Under Goldman Sachs’ Restated Articles of Incorporation, a director of the corporation is entitled under Paragraph 9 to enter into any agreement based upon (a) the interests of shareholders, (b) the interests of partners, or (c) any other additional factor that the director considers appropriate. This is significant from a fiduciary duty perspective because it means that a director of Goldman Sachs is not bound to follow the “shareholder primacy” view of the corporation where all decisions must be made for the benefit of the common stock shareholder, but rather, a director can make decisions based upon the interests of a partner or even any other factor that is deemed “appropriate.” Your guess is as good as mine regarding the future extent of Goldman Sachs’ profit pool, but it is important to note that management is expressly not legally bound to act for the benefit of stockholders alone when determining profit allocations.
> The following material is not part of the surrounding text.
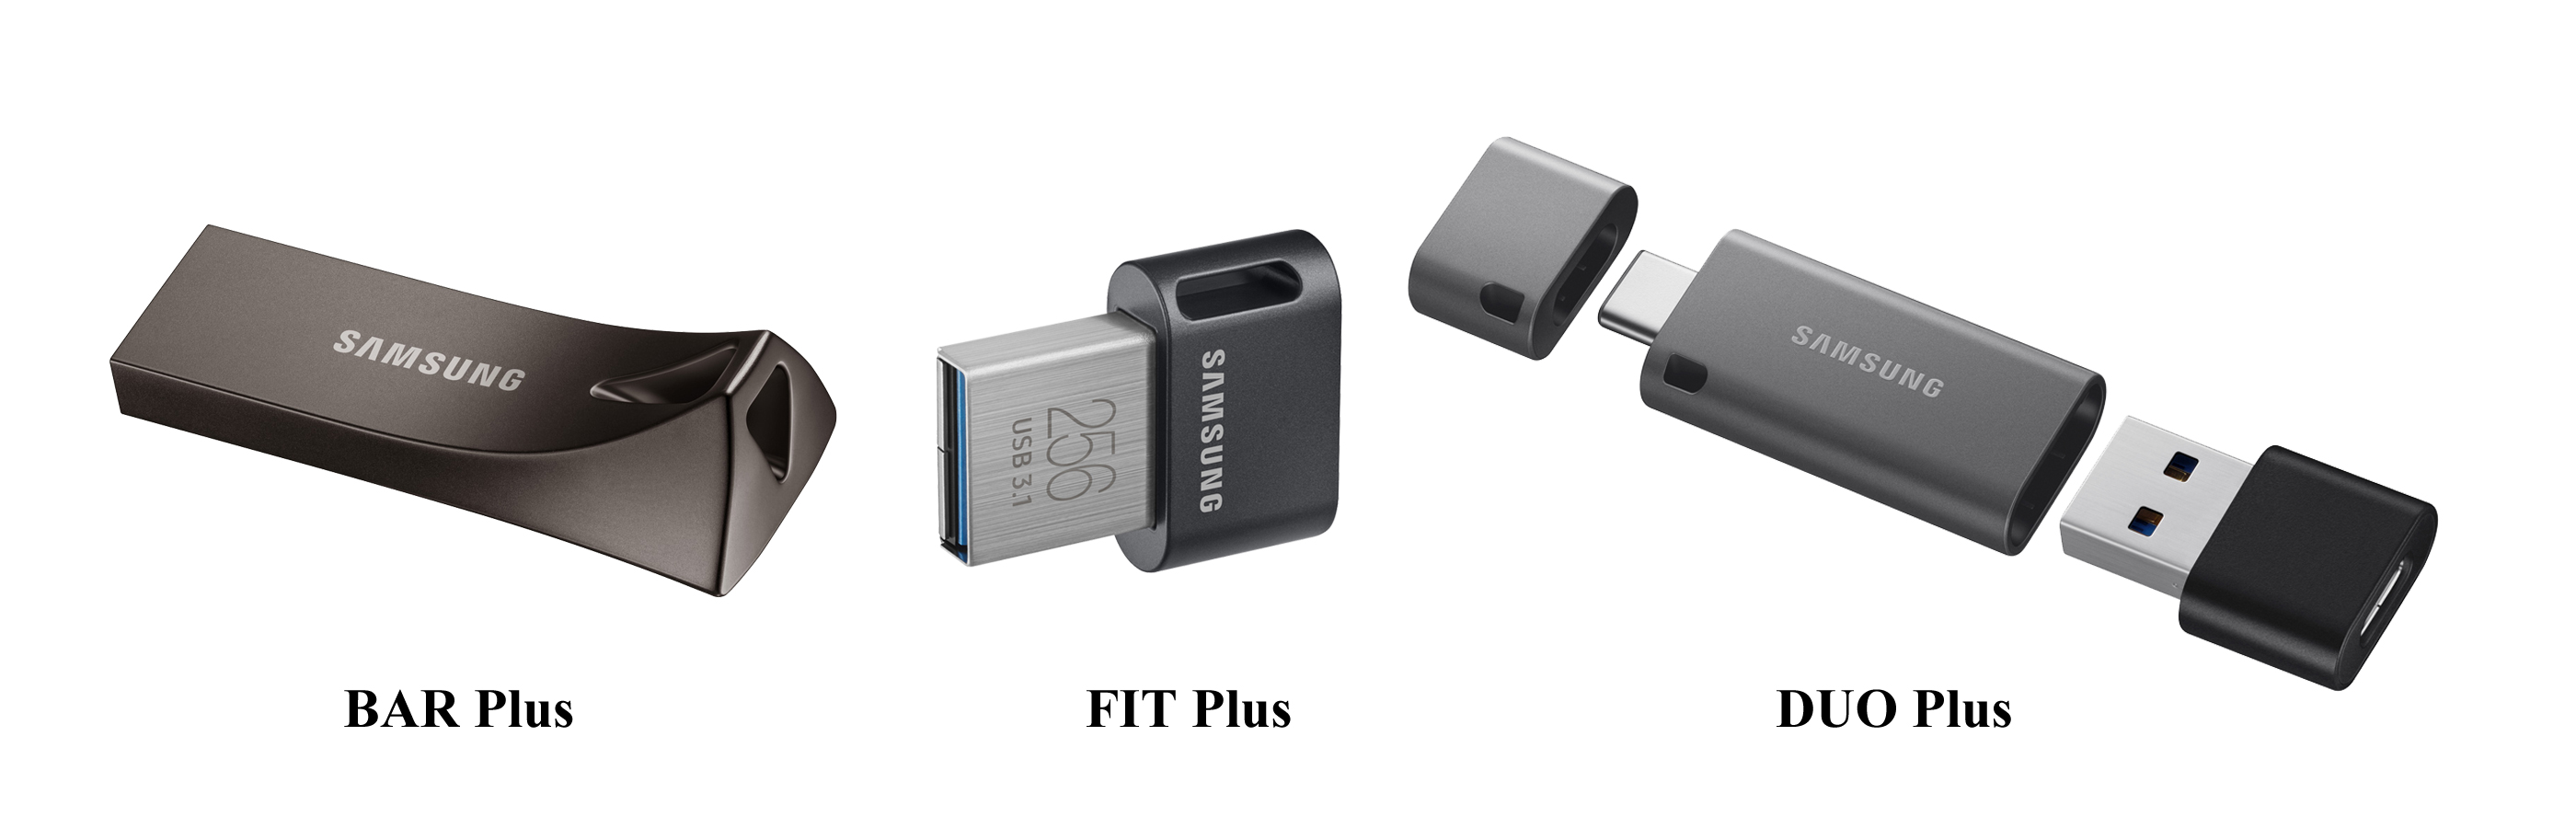 knot radar Agent USB 3.1対応Samsung USBフラッシュメモリー｢BAR Plus」「FIT Plus」「DUO Plus」を9月7日（金）より販売 –  ITGマーケティング株式会社

Even aside from the peculiarities of present economic conditions, Goldman Sachs has not been able to grow its profits for common stockholders over the past decade. During this time, the universe of the firm’s profitable activities that are subject to a 25% collection from a partner (even outside the scope of the partner’s managing zone) has been increasing at a moderate rate. It is probably not surprising that Warren Buffett discarded with all of the Goldman Sachs stock that was sitting inside Berkshire Hathaway’s portfolio from the financial crisis. The profit override from insiders is unlike almost any other firm, and the directors are authorized to expand the share of the partnership profit stake without encountering the typical gamut of fiduciary duties as obstacles. Common shareholders, take heed.